WHAT IS EXPECTED: For this exercise, the lines from the one with "Die Frau in" through the final line of the data below are to be transcribed exactly, and pictures are to be skipped.

INFORMATION SHOWN:
⁂

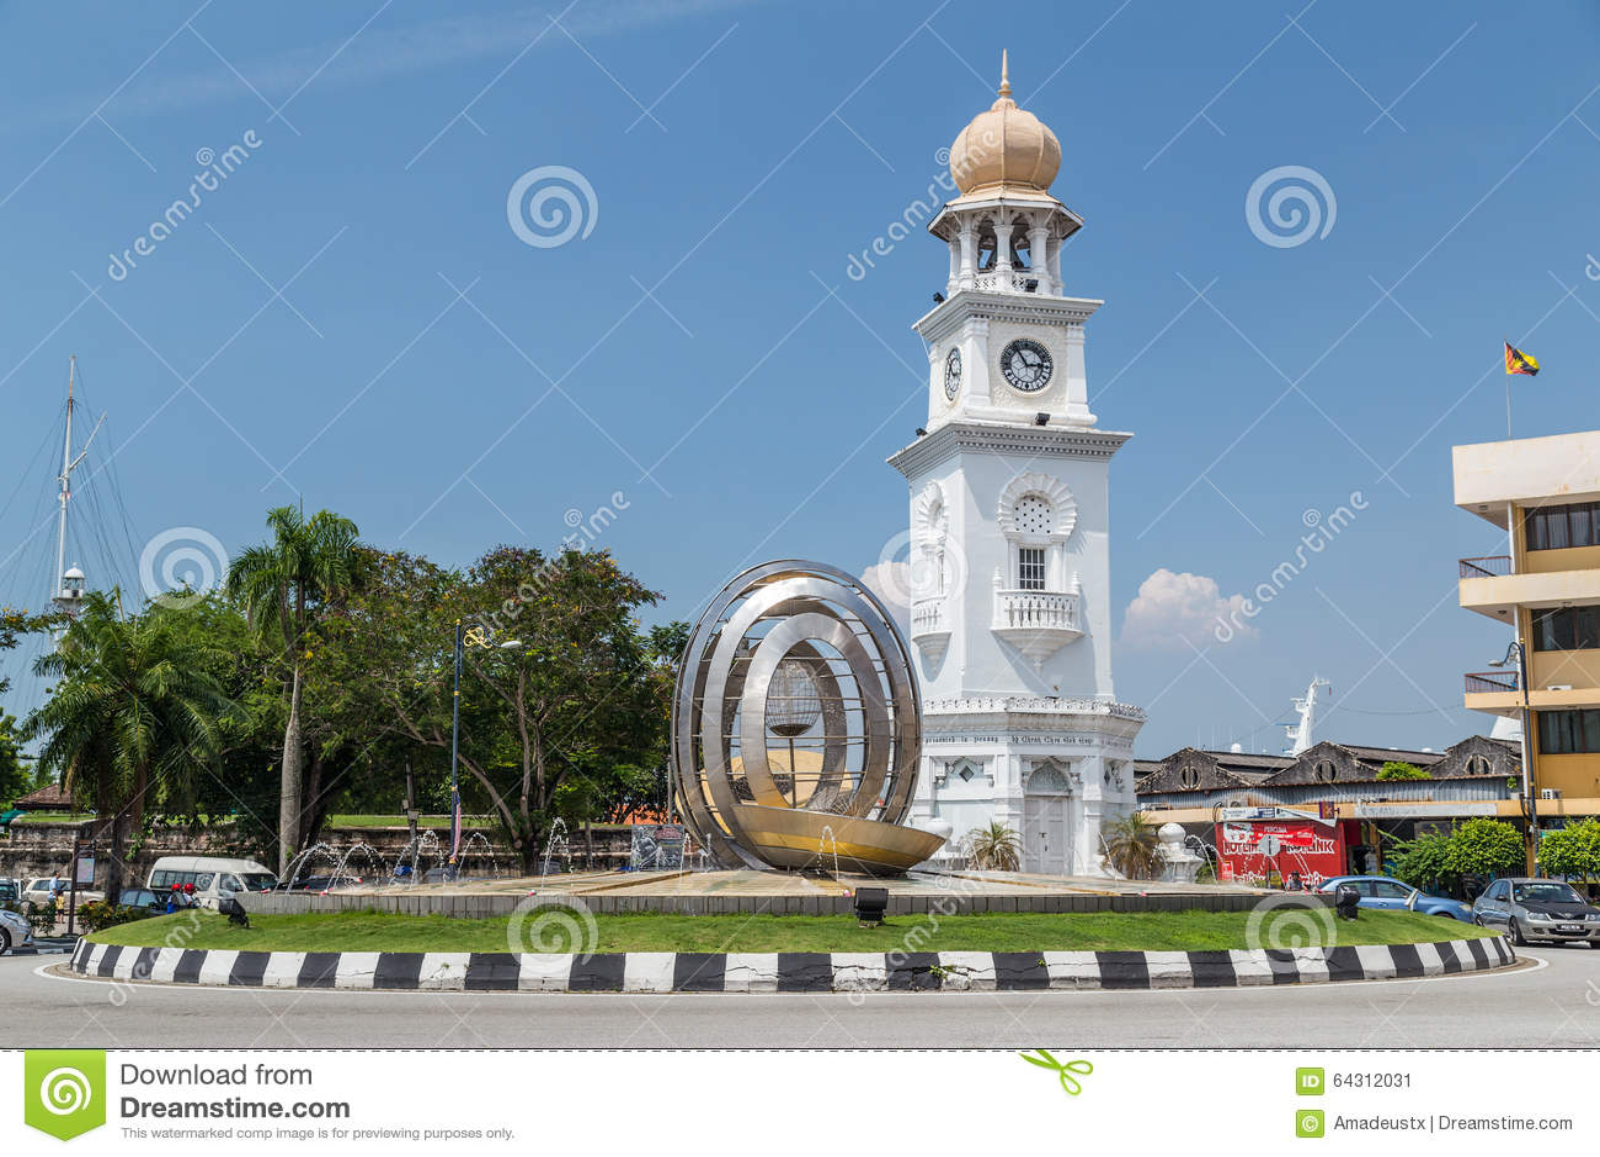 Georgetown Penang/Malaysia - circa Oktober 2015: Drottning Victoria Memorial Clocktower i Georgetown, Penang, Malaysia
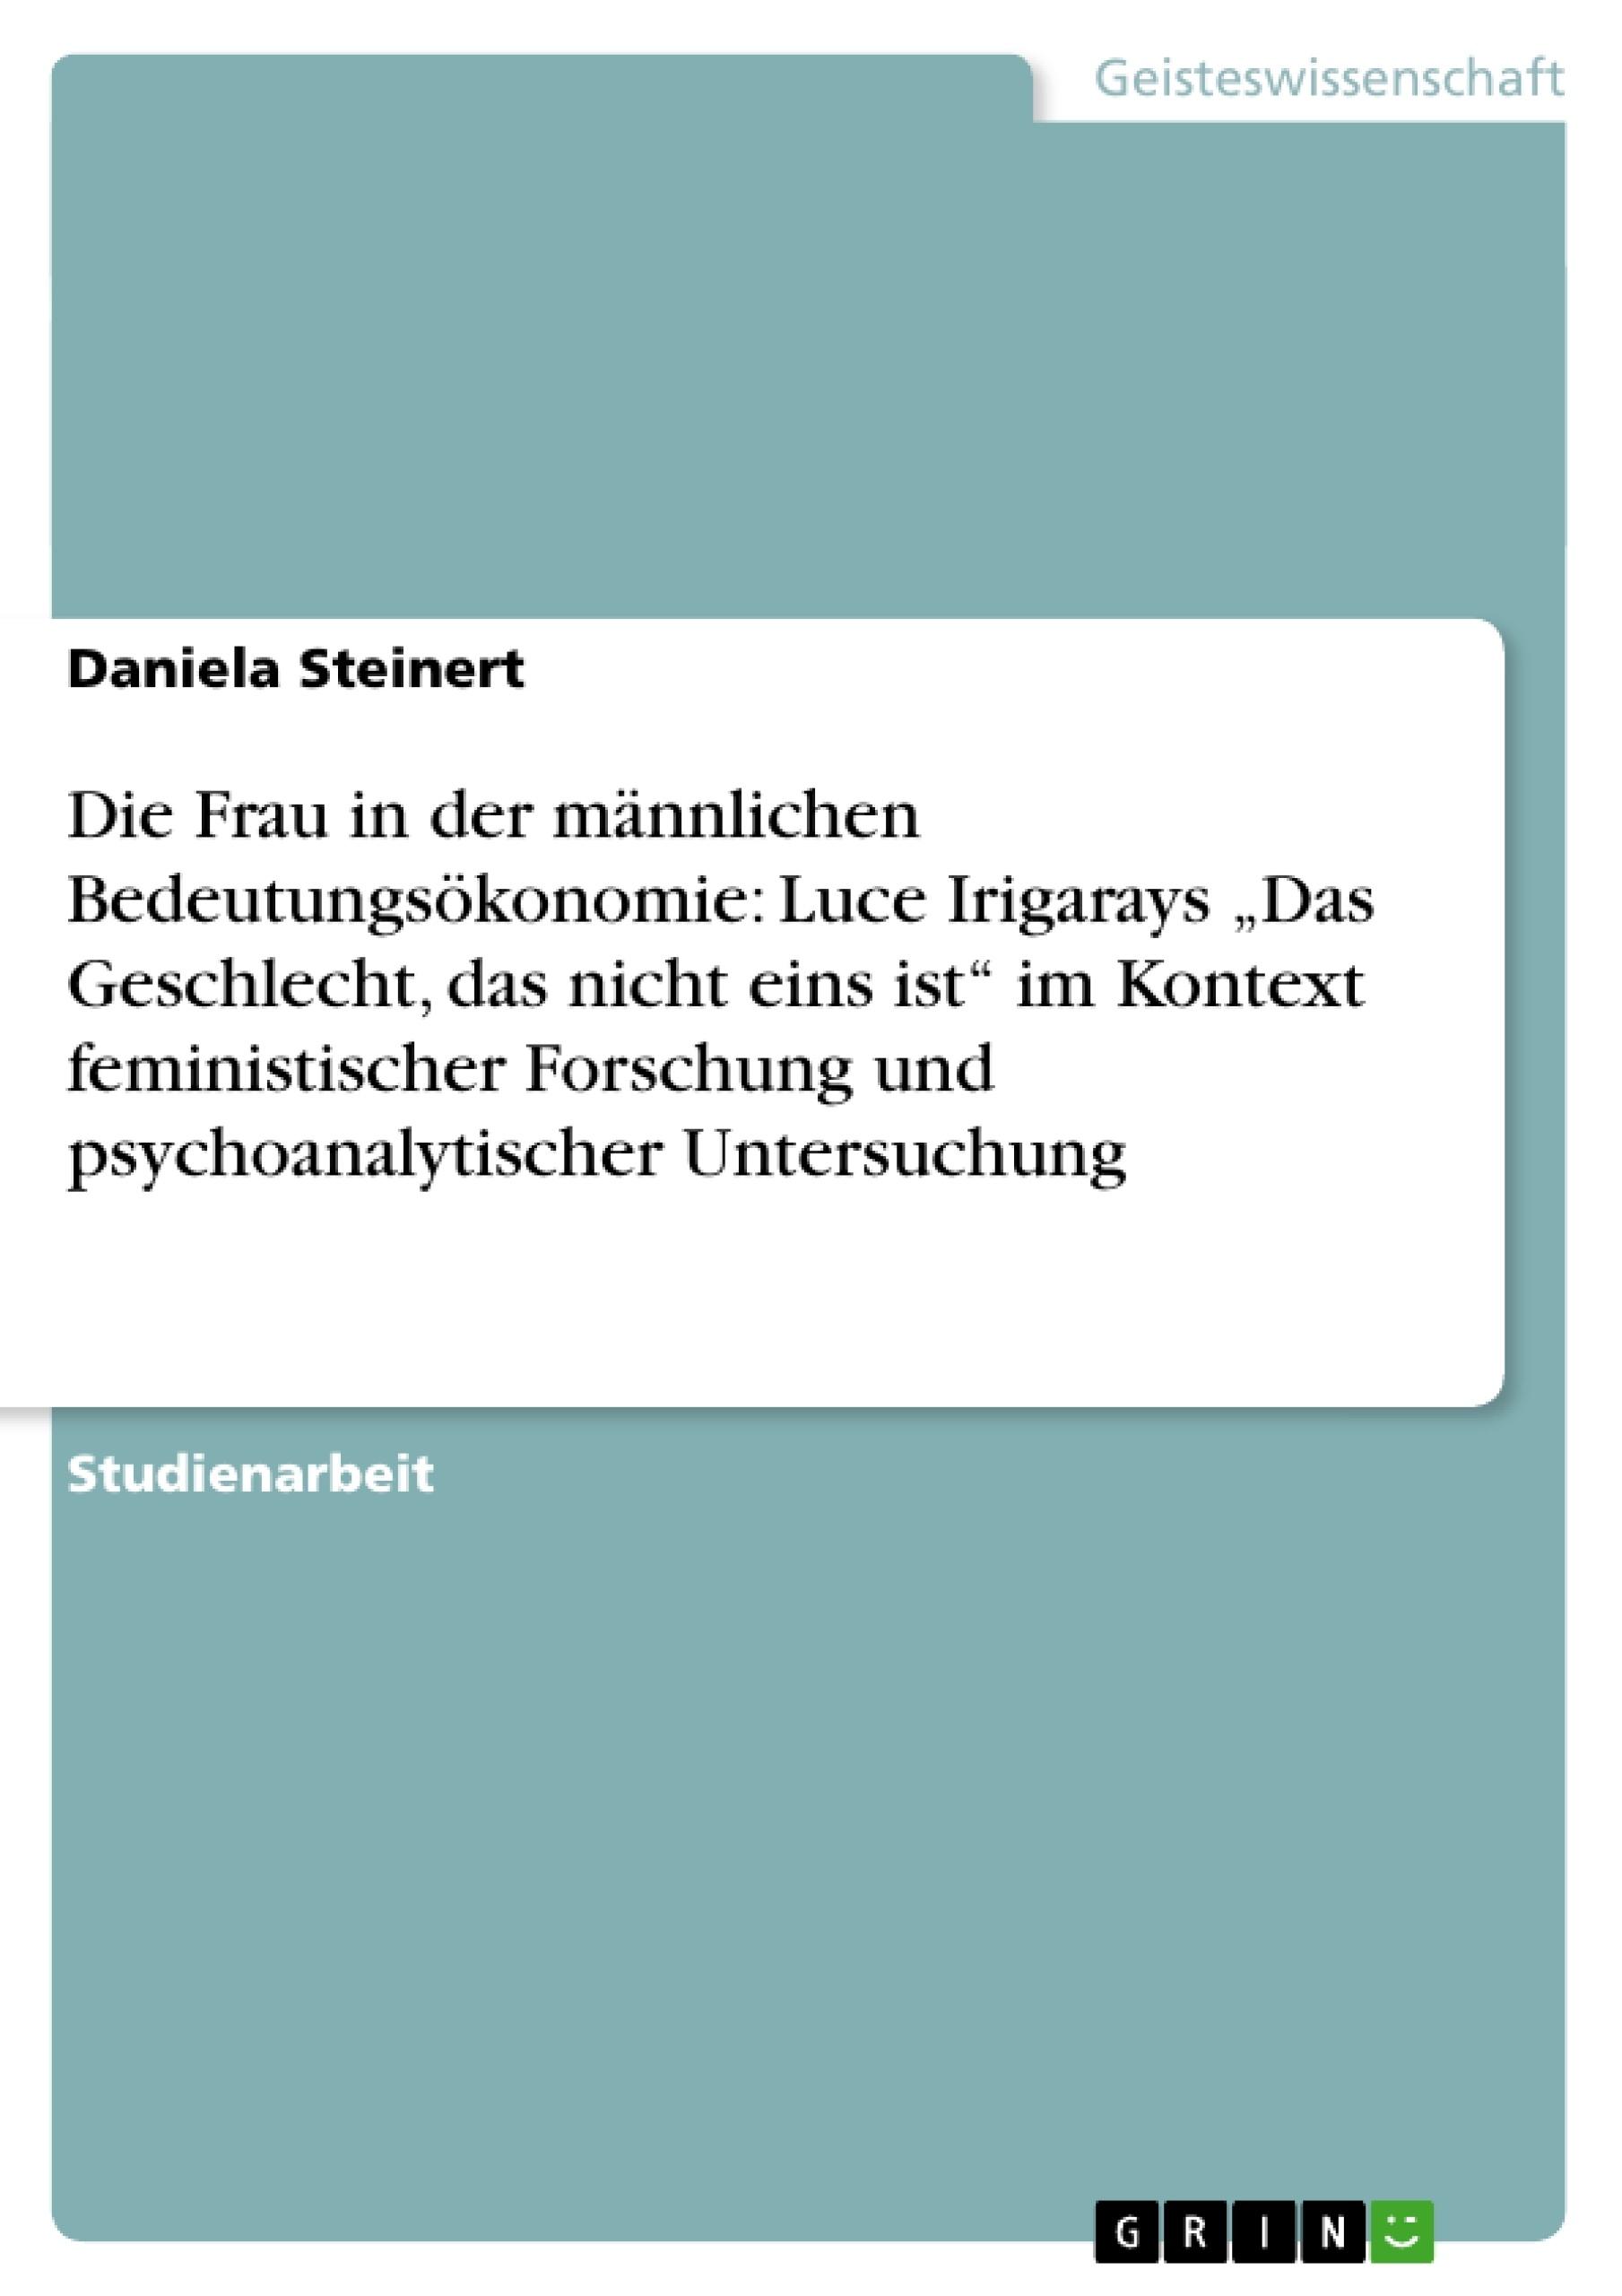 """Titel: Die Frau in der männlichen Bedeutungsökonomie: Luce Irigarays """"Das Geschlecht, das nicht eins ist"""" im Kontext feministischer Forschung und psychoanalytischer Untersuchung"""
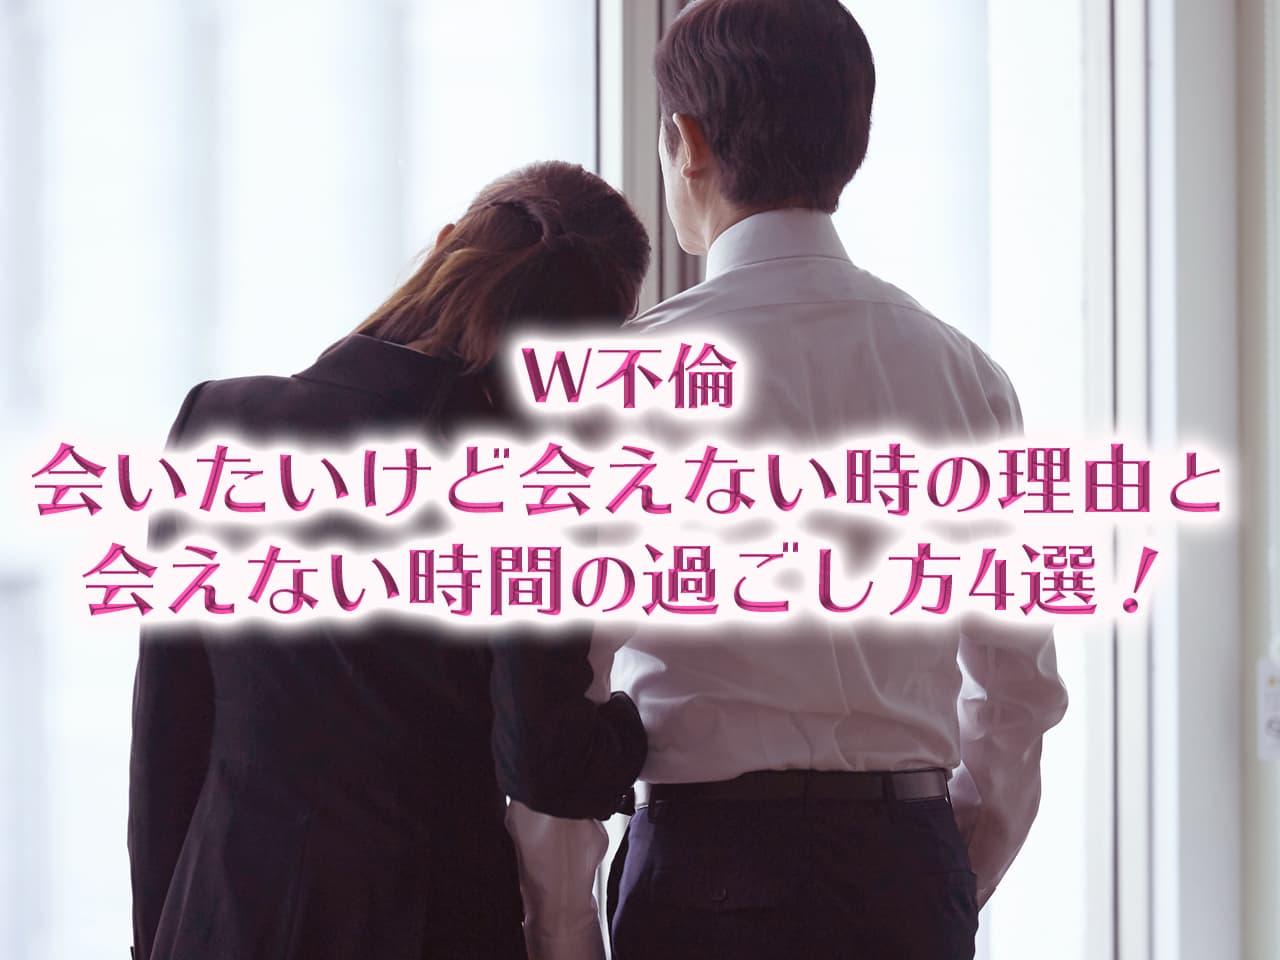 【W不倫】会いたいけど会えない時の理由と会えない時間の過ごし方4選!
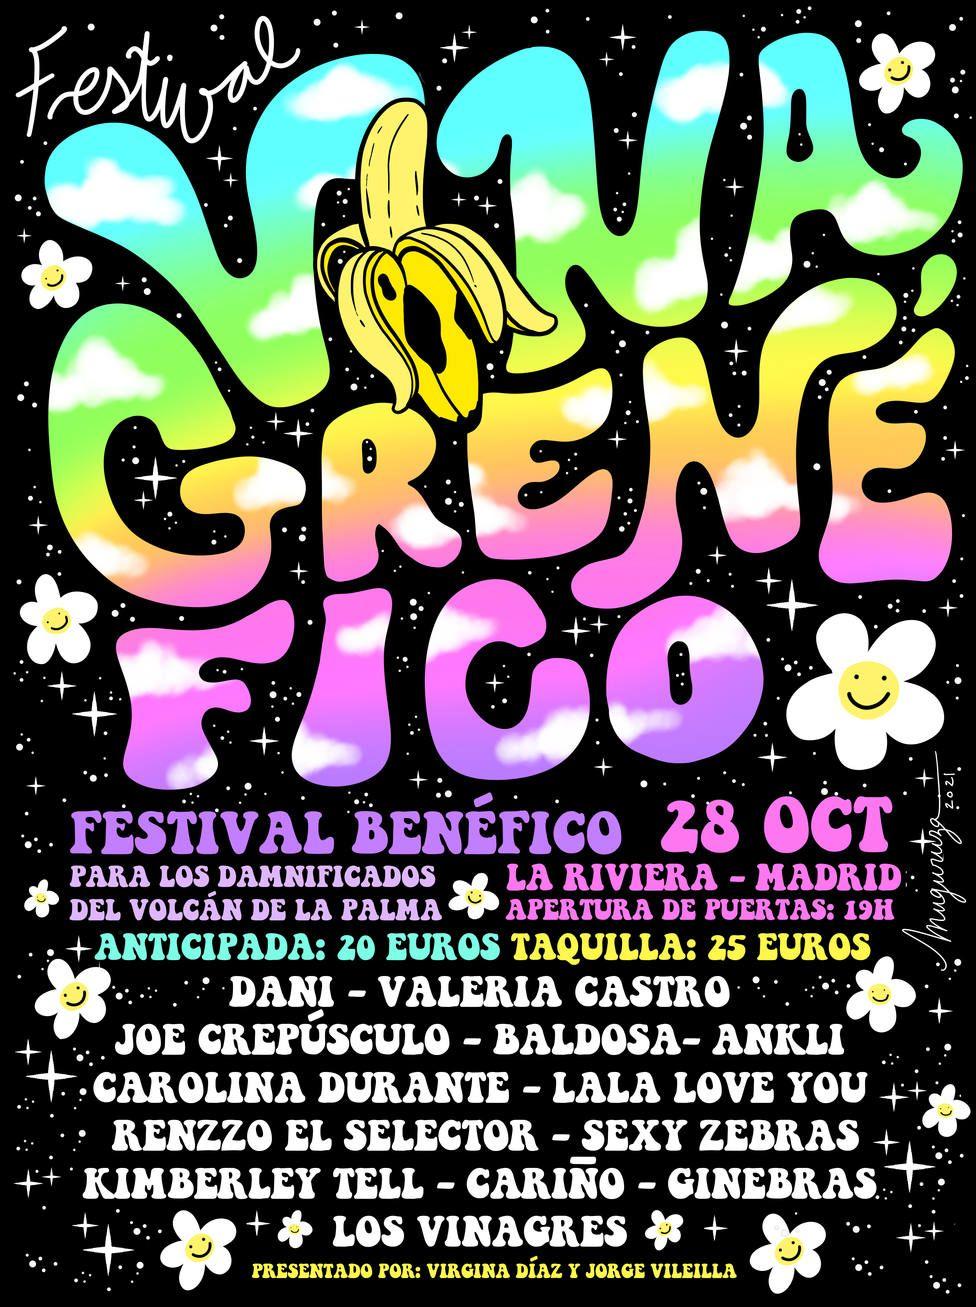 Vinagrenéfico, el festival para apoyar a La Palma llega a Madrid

⁂

OUTPUT:
 """Titel: Die Frau in der männlichen Bedeutungsökonomie: Luce Irigarays """"Das Geschlecht, das nicht eins ist"""" im Kontext feministischer Forschung und psychoanalytischer Untersuchung"""
 【W不倫】会いたいけど会えない時の理由と会えない時間の過ごし方4選!
 Vinagrenéfico, el festival para apoyar a La Palma llega a Madrid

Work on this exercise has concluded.